Find and fix an export issue due to dynamic shapes

LLMs must be exported with dynamic shapes and it is common that a static dimension turns into a static ones. The error message from pytorch tells the user to define TORCH_LOGS="+dynamic" but it shows a very long list of messages where we need to find the string range_refined_to_singleton and that does not really indicates where it comes from. The example shows how to tweak pytorch to get that information until it gets better.

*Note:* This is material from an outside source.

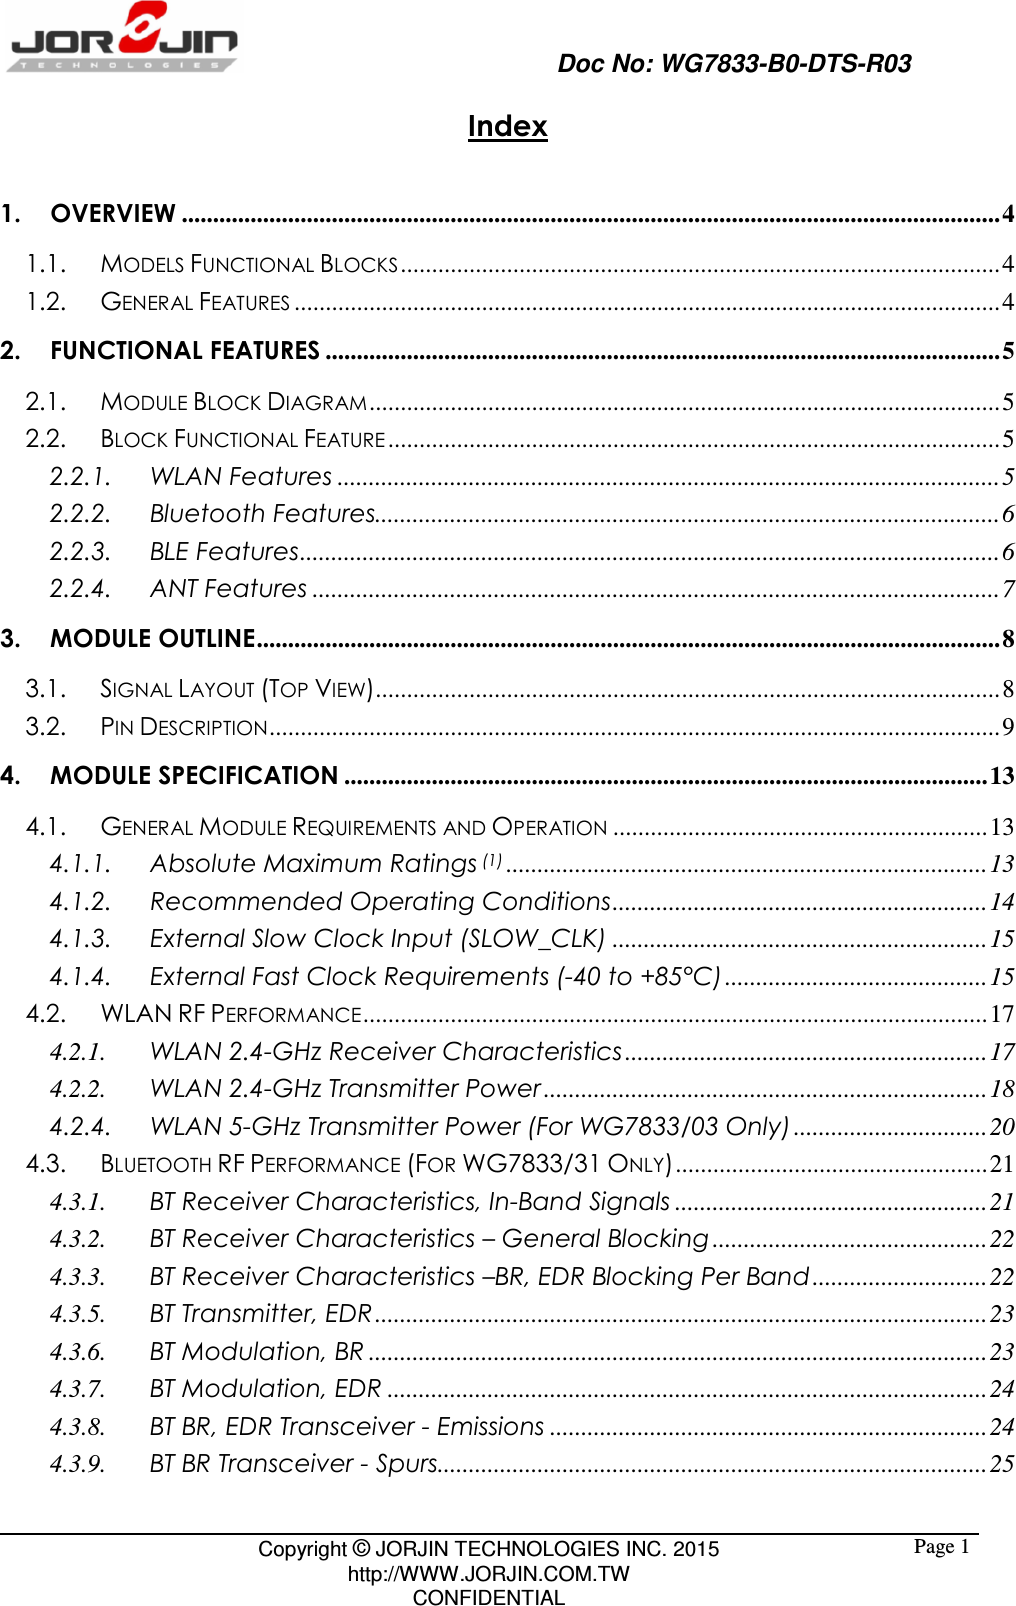                                                   Doc No: WG7833-B0-DTS-R03                                                                                                 Copyright © JORJIN TECHNOLOGIES INC. 2015 http://WWW.JORJIN.COM.TW CONFIDENTIAL  Page 1Index  1. OVERVIEW ................................................................................................................................... 4 1.1. MODELS FUNCTIONAL BLOCKS ................................................................................................ 4 1.2. GENERAL FEATURES ................................................................................................................. 4 2. FUNCTIONAL FEATURES ............................................................................................................ 5 2.1. MODULE BLOCK DIAGRAM ..................................................................................................... 5 2.2. BLOCK FUNCTIONAL FEATURE .................................................................................................. 5 2.2.1. WLAN Features .......................................................................................................... 5 2.2.2. Bluetooth Features.................................................................................................... 6 2.2.3. BLE Features ................................................................................................................ 6 2.2.4. ANT Features .............................................................................................................. 7 3. MODULE OUTLINE ....................................................................................................................... 8 3.1. SIGNAL LAYOUT (TOP VIEW).................................................................................................... 8 3.2. PIN DESCRIPTION ..................................................................................................................... 9 4. MODULE SPECIFICATION ....................................................................................................... 13 4.1. GENERAL MODULE REQUIREMENTS AND OPERATION ............................................................ 13 4.1.1. Absolute Maximum Ratings (1) ............................................................................. 13 4.1.2. Recommended Operating Conditions ............................................................ 14 4.1.3. External Slow Clock Input (SLOW_CLK) ............................................................ 15 4.1.4. External Fast Clock Requirements (-40 to +85°C) .......................................... 15 4.2. WLAN RF PERFORMANCE .................................................................................................... 17 4.2.1. WLAN 2.4-GHz Receiver Characteristics .......................................................... 17 4.2.2. WLAN 2.4-GHz Transmitter Power ....................................................................... 18 4.2.4. WLAN 5-GHz Transmitter Power (For WG7833/03 Only) ............................... 20 4.3. BLUETOOTH RF PERFORMANCE (FOR WG7833/31 ONLY) .................................................. 21 4.3.1. BT Receiver Characteristics, In-Band Signals .................................................. 21 4.3.2. BT Receiver Characteristics – General Blocking ............................................ 22 4.3.3. BT Receiver Characteristics –BR, EDR Blocking Per Band ............................ 22 4.3.5. BT Transmitter, EDR .................................................................................................. 23 4.3.6. BT Modulation, BR ................................................................................................... 23 4.3.7. BT Modulation, EDR ................................................................................................ 24 4.3.8. BT BR, EDR Transceiver - Emissions ...................................................................... 24 4.3.9. BT BR Transceiver - Spurs........................................................................................ 25

A model with an export issue

The following model implies the first dimension of x is equal to 1 or equal to the number of element in the list ys. It is not really dynamic. It looks obvious here but it is difficult to find deep inside a big model.

import traceback
import torch
from onnx_diagnostic import doc
from onnx_diagnostic.torch_export_patches import bypass_export_some_errors


class ModelWithIssue(torch.nn.Module):
    def forward(self, x: torch.Tensor, ys: list[torch.Tensor]):
        caty = torch.cat([y.unsqueeze(0) for y in ys], axis=0)
        z = x * caty
        return z


inputs = (torch.rand(2, 3, 1), [torch.rand(3, 4), torch.rand(3, 4)])
model = ModelWithIssue()
model(*inputs)
tensor([[[0.8976, 0.6263, 0.6848, 0.7944],
         [0.0745, 0.1040, 0.0168, 0.0408],
         [0.0587, 0.3104, 0.1343, 0.4373]],

        [[0.0235, 0.0430, 0.1726, 0.0675],
         [0.0363, 0.0874, 0.4531, 0.4320],
         [0.0159, 0.0114, 0.0463, 0.1817]]])

Let’s export.

DYN = torch.export.Dim.DYNAMIC
dyn_shapes = ({0: DYN, 1: DYN}, [{0: DYN, 1: DYN}, {0: DYN, 1: DYN}])
try:
    ep = torch.export.export(model, inputs, dynamic_shapes=dyn_shapes)
    print(ep)
except Exception as e:
    print("-- ERROR:")
    print(e)
/home/xadupre/vv/this312/lib/python3.12/site-packages/torch/backends/mkldnn/__init__.py:78: UserWarning: TF32 acceleration on top of oneDNN is available for Intel GPUs. The current Torch version does not have Intel GPU Support. (Triggered internally at /pytorch/aten/src/ATen/Context.cpp:148.)
  torch._C._set_onednn_allow_tf32(_allow_tf32)
-- ERROR:
Constraints violated (L['args'][0][0].size()[0])! For more information, run with TORCH_LOGS="+dynamic".
  - Not all values of RelaxedUnspecConstraint(L['args'][0][0].size()[0]) are valid because L['args'][0][0].size()[0] was inferred to be a constant (2).

The error shows:

Constraints violated (L['args'][0][0].size()[0])!
    For more information, run with TORCH_LOGS="+dynamic".
- Not all values of RelaxedUnspecConstraint(L['args'][0][0].size()[0])
    are valid because L['args'][0][0].size()[0] was inferred to be a constant (2).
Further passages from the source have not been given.